ASSIGNED TASK —
Give all of the listing again word for word, with images excluded.

DATA EXTRACT —
----
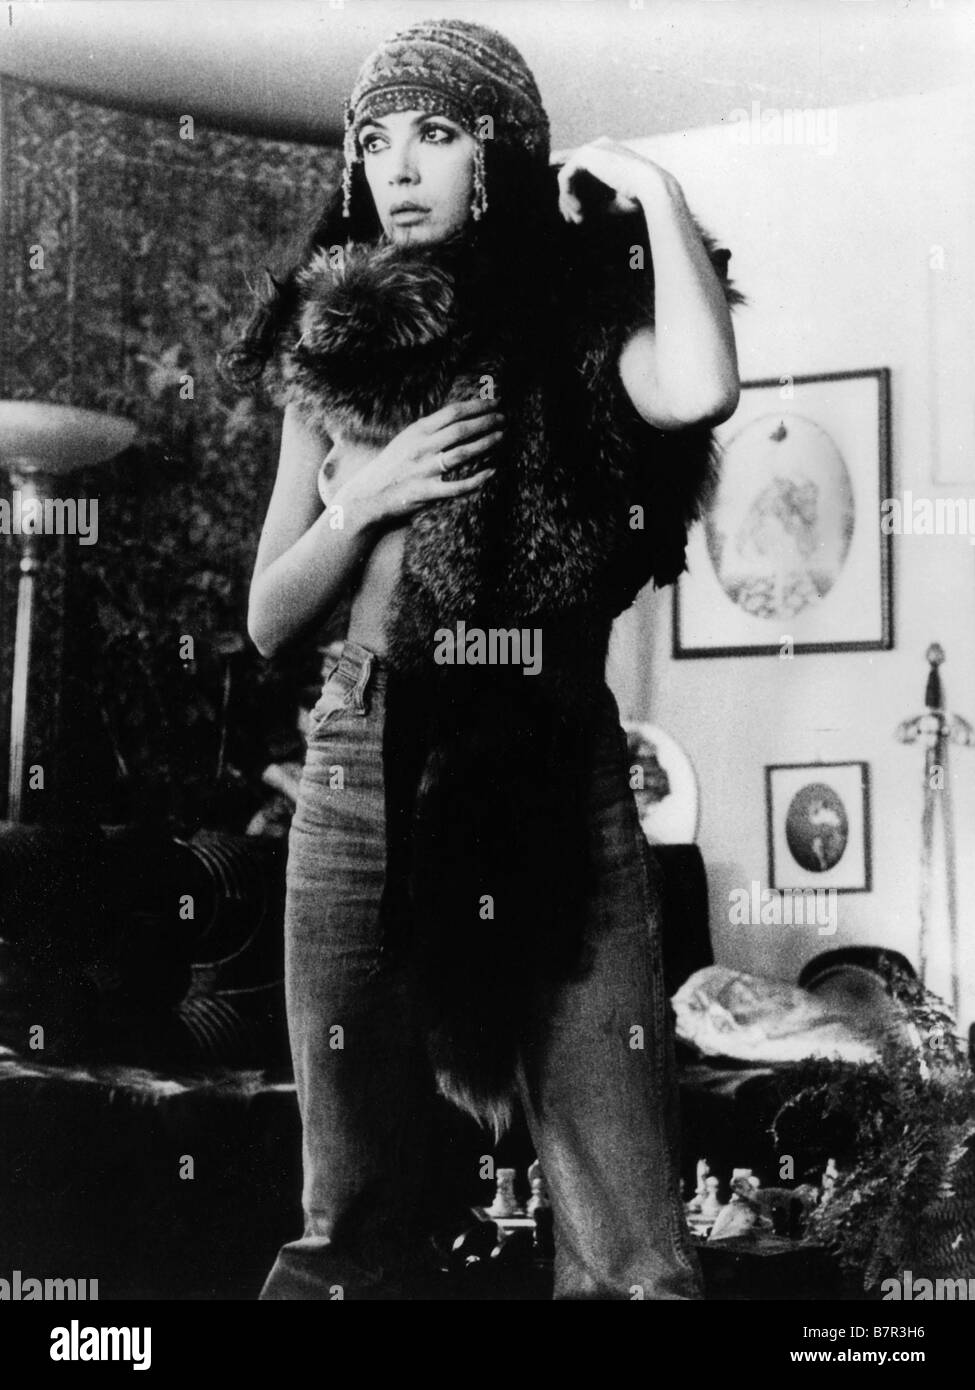 L'Ange et la femme Year: 1977 - Canada Director: Gill Carole Laure - Stock Image
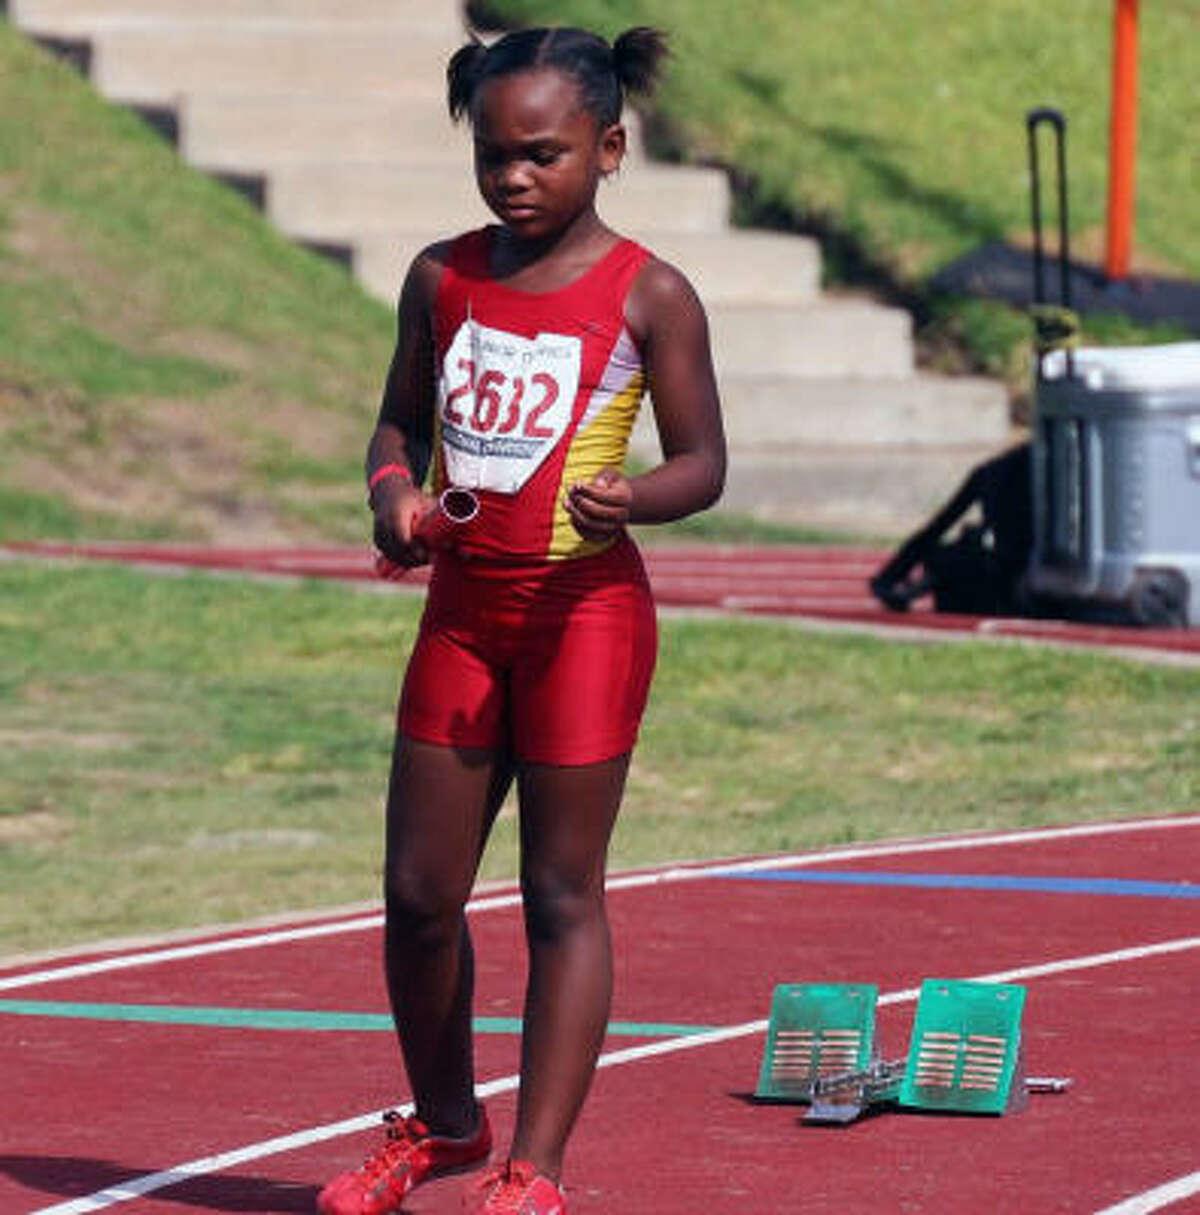 Kenya Furlow of the Houston Heat gets set to run the 400-meter relay.
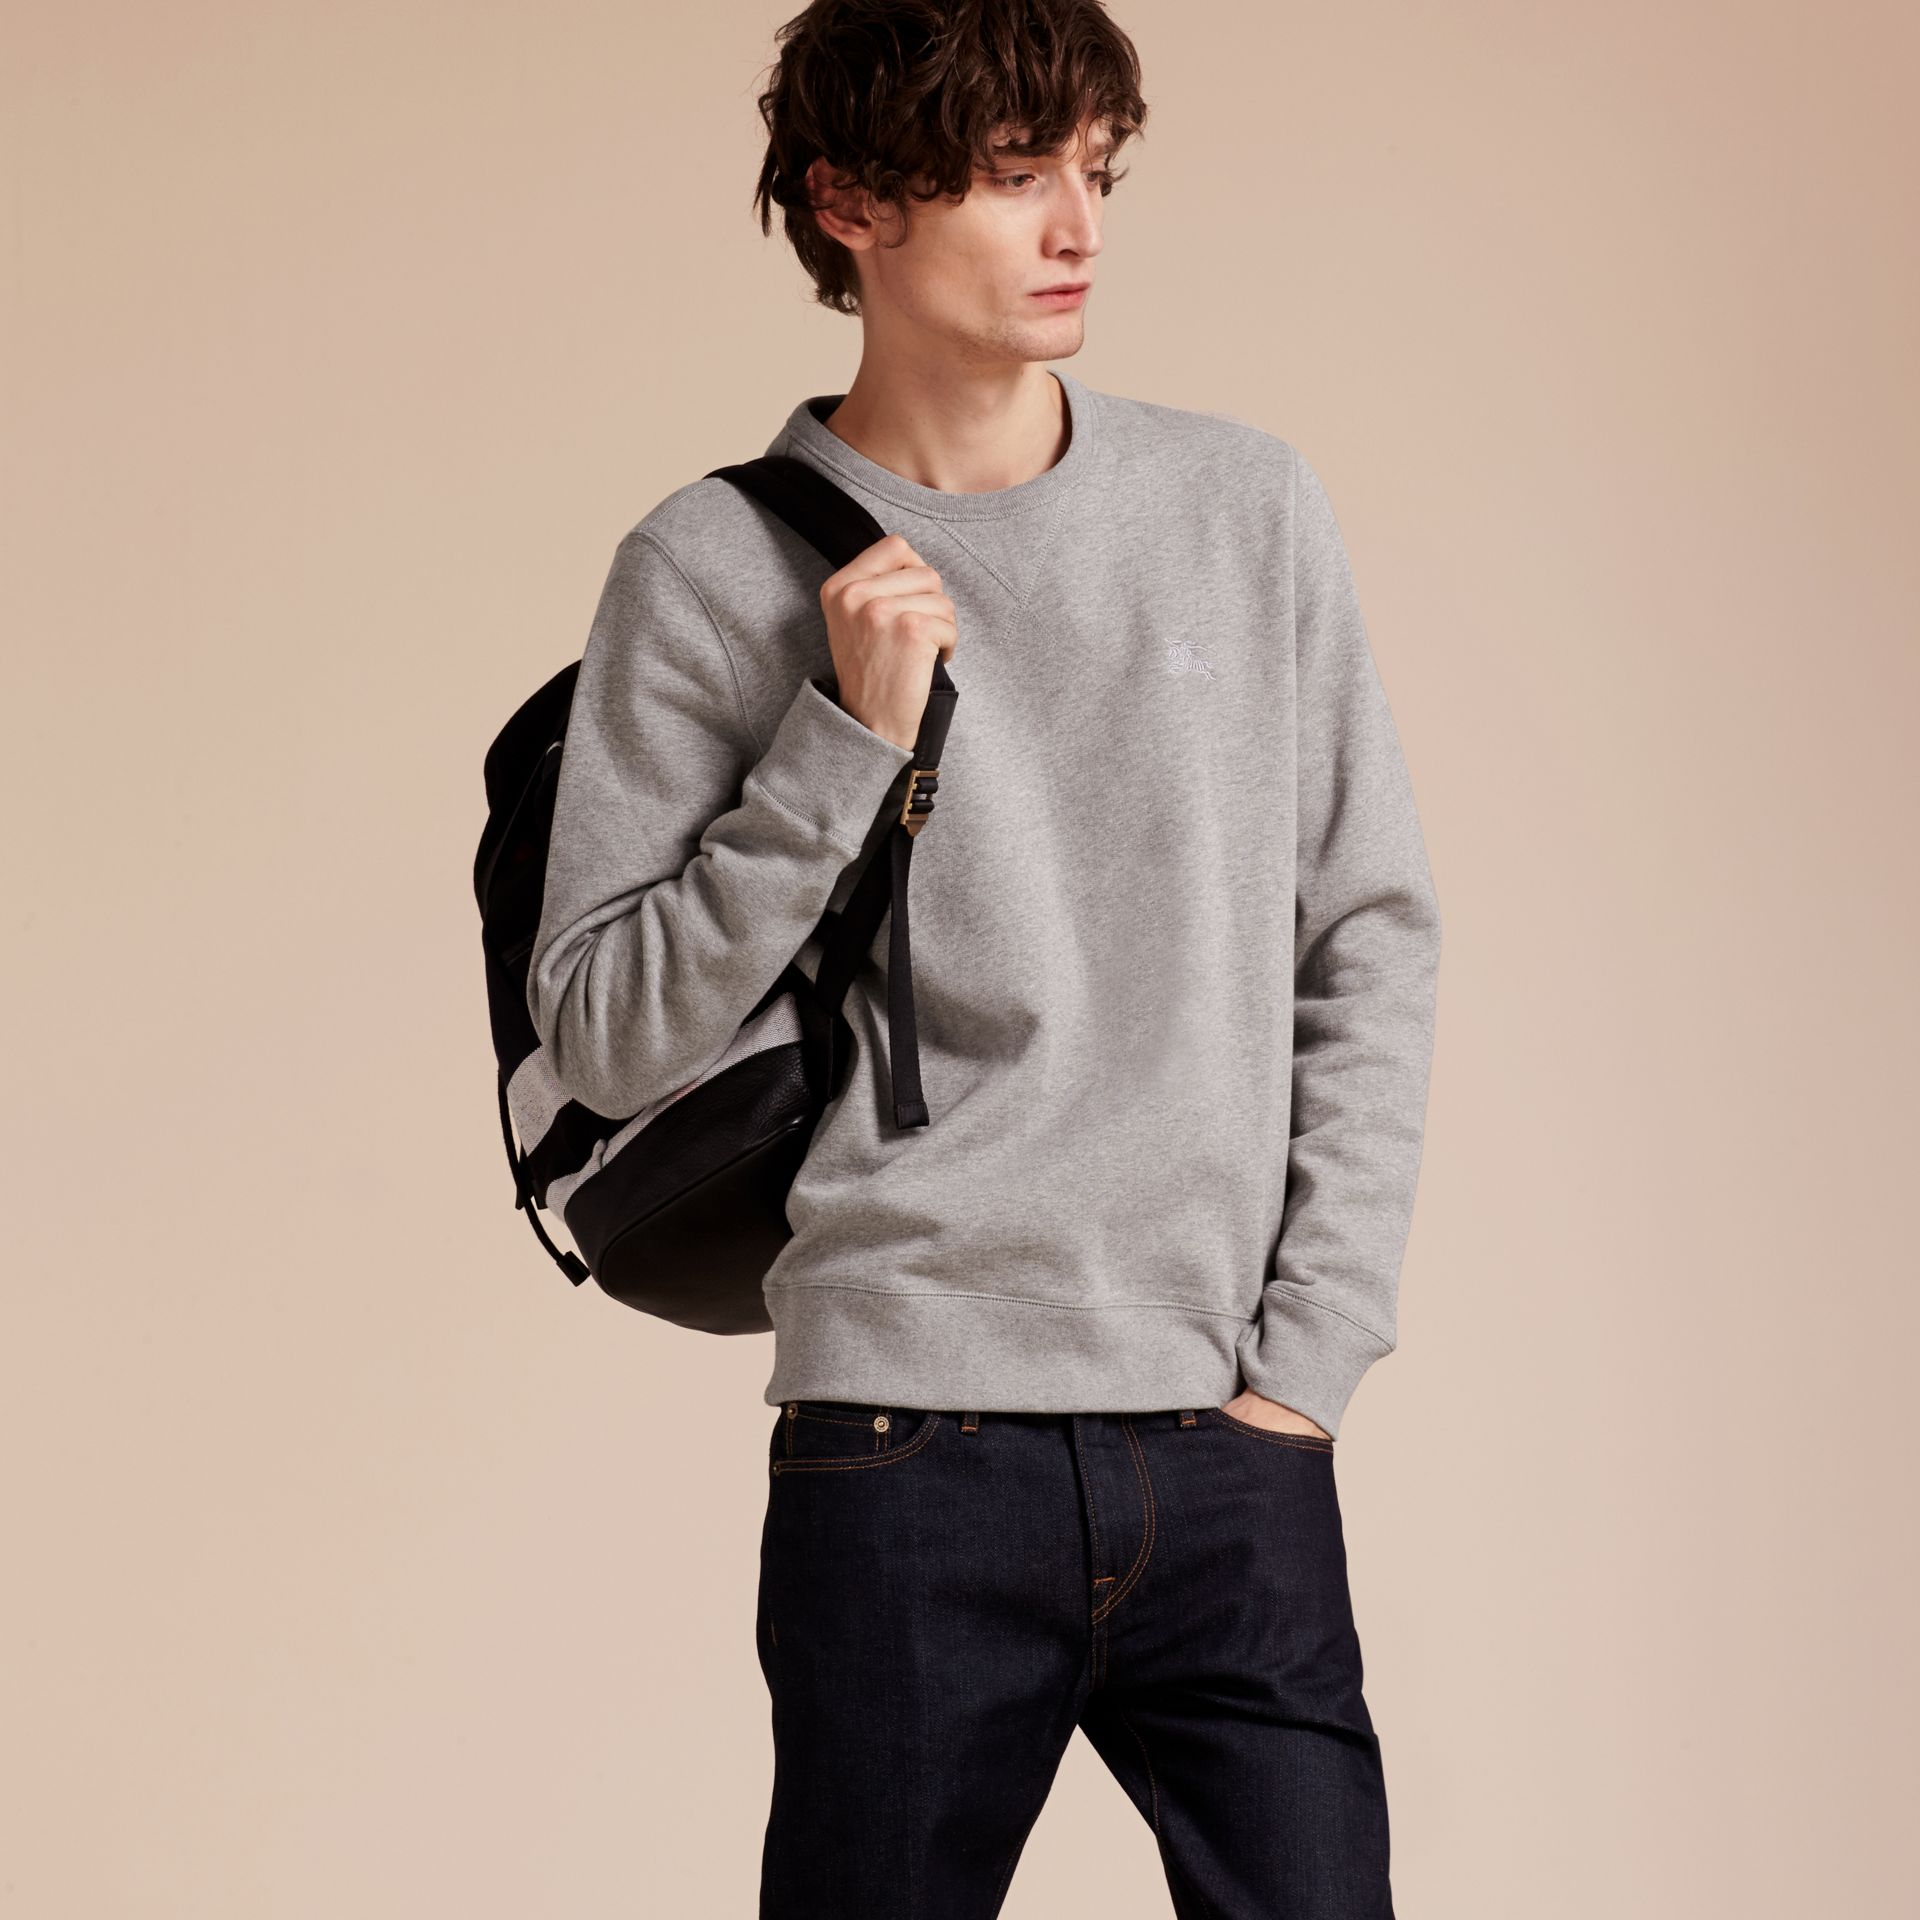 Cotton Blend Jersey Sweatshirt Pale Grey Melange - gallery image 6
----
EXPECTED ANSWER —
 L'Ange et la femme Year: 1977 - Canada Director: Gill Carole Laure - Stock Image
 Kenya Furlow of the Houston Heat gets set to run the 400-meter relay.
 Cotton Blend Jersey Sweatshirt Pale Grey Melange - gallery image 6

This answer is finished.